In Portugal, it has been said that U-18 rugby players have been given performance enhancing drugs. Many former players that left the sport at this level, claim that they did not want to take drugs and consequently left the team.
Doping has already contaminated amateur sport.
A worrying number of people claim that they take drugs, so that they can have a better body. You may find it funny, but drugs like steroids, the famous amphetamines and many others can contribute for (let's be real) a shortened life expectancy.
Doping is so dangled with sports that there are many opinions on how to end with it.
For Angelo Heredia it's easy:
"We need to get back to the classic (read:ancient Greek) sports. No money, take Nike and Adidas out of the equation."
The dispute was huge even in the underground doping world: "Americans didn't like that I also worked with Jamaicans." He even says that athletes were trying to keep informed on the drugs that other athletes were taking, so that they could be sure, that they had the best available.

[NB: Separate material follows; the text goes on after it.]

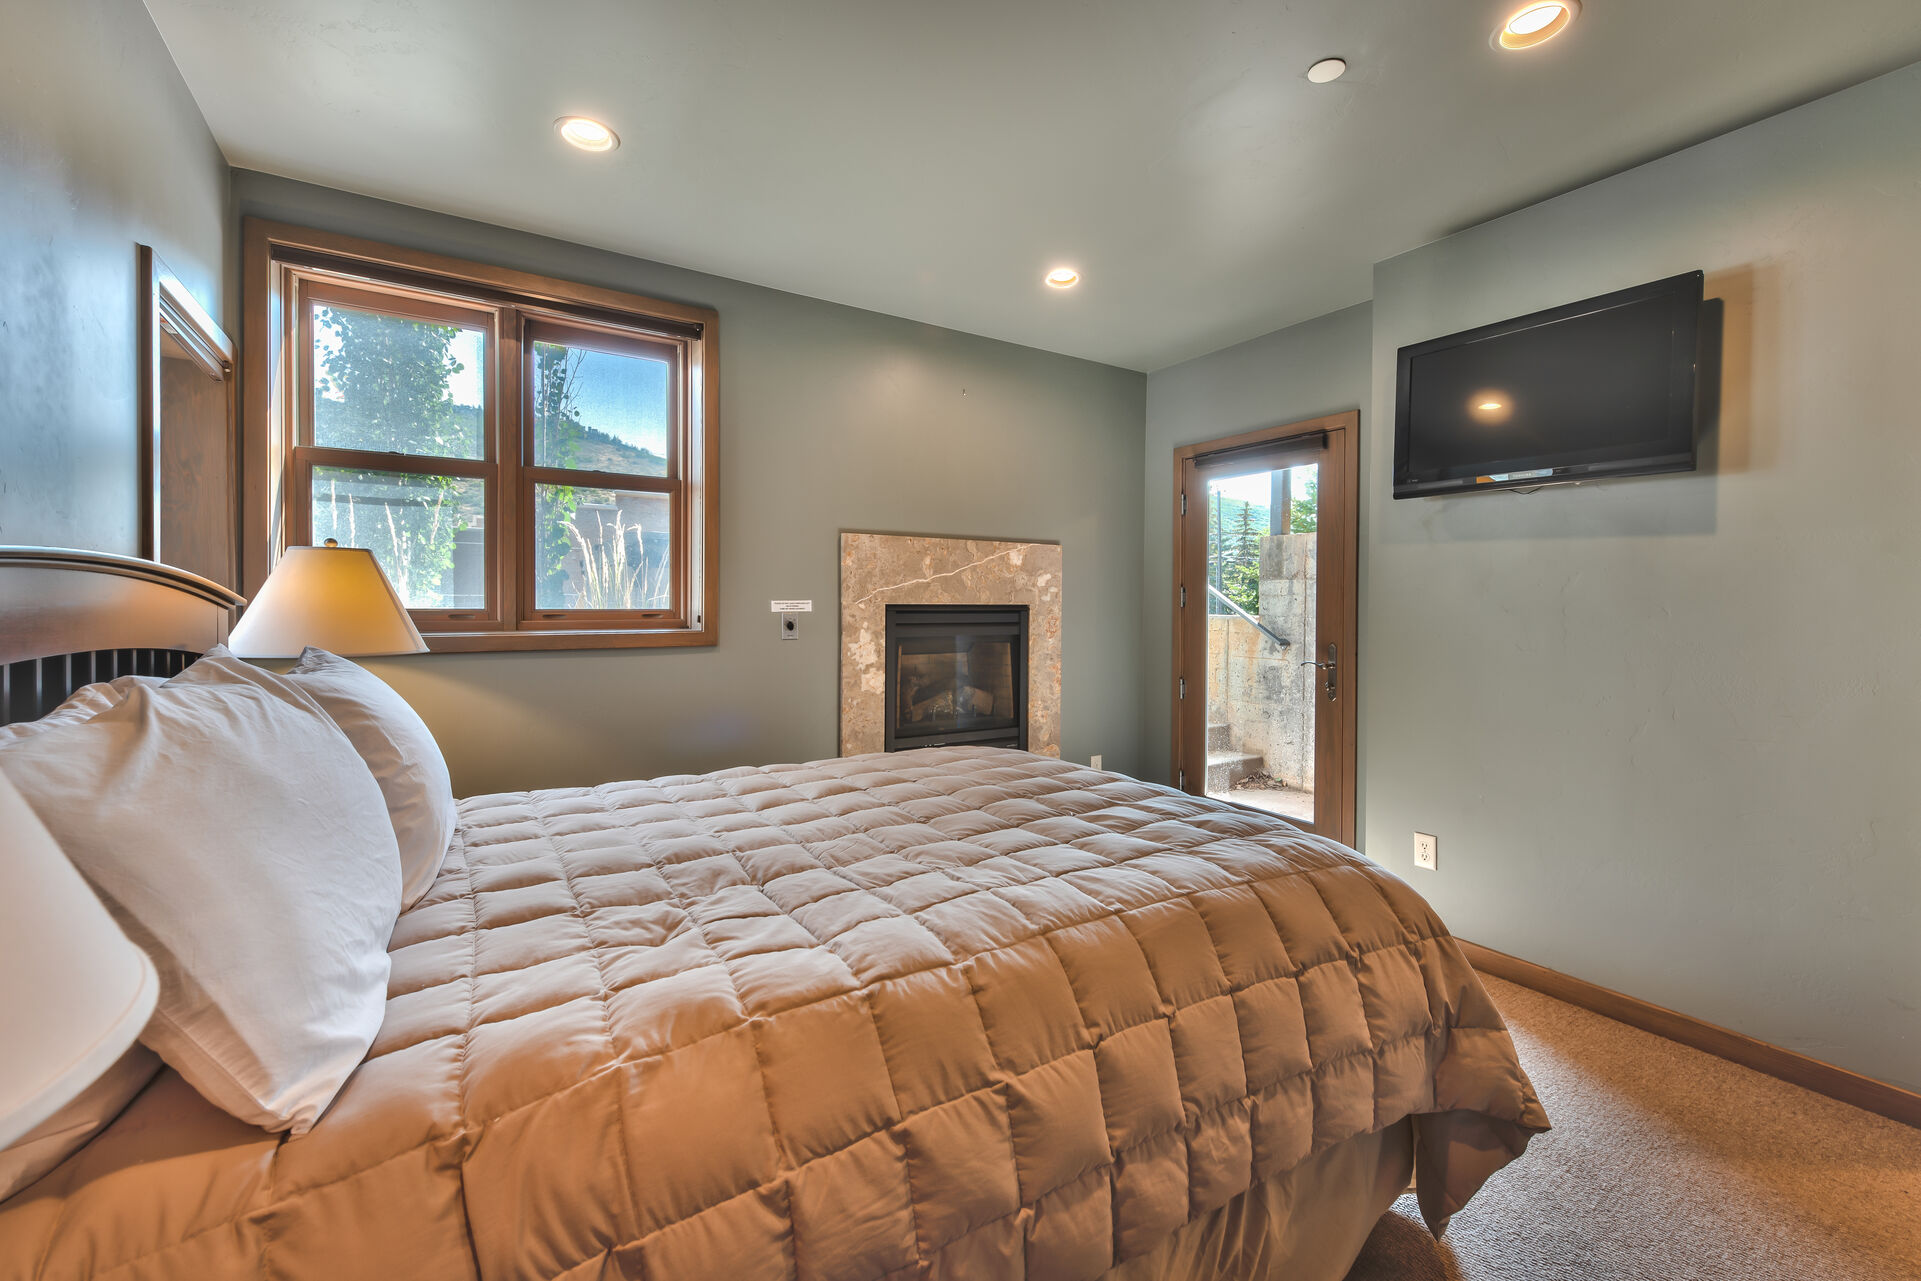 Level 1 - 2nd Master Bedroom with a Queen Bed, Radiant Heat, a Gas Fireplace, Private Bath and Backyard Access

For Dick Pound, it's all about rules:
"When I got my driving license, cars with seatbelts didn’t exist. Then wearing a seatbelt was voluntary, and eventually it became mandatory. Now, you have to pay a fine if you don’t wear one.
"But I don’t put on my seatbelt nowadays to avoid being punished; I put on my seatbelt because I have understood that it is dangerous not to. And I attribute that much common sense to athletes too.
'It’s a question of changing their attitude. Perhaps we’ll be there in 15 years."
The biggest drama is that the problem is not even solved and there are new doping methods that are even better: genetic doping
Mr. Pound gave us again a slice of his awareness with the following statement:
"But there are already clinical trials, so we have to take this threat very seriously. Because one thing is clear: If genetic doping is possible, then cheating using anabolic steroids will be about as modern as prehistoric painting.
"There is a scientist in Pittsburgh, Lee Sweeney of the Pennsylvania School of Medicine, who has succeeded in increasing the muscle mass of mice by up to 35 percent using genetic engineering. Half of the e-mails he receives are from athletes, who write: “Try it out on me.”
When Sweeney answers that he works with animals and has no idea how a human body would respond to this kind of intervention, they write back and say: “That’s okay, do it on me anyway.” The world of people who dope is a sick world."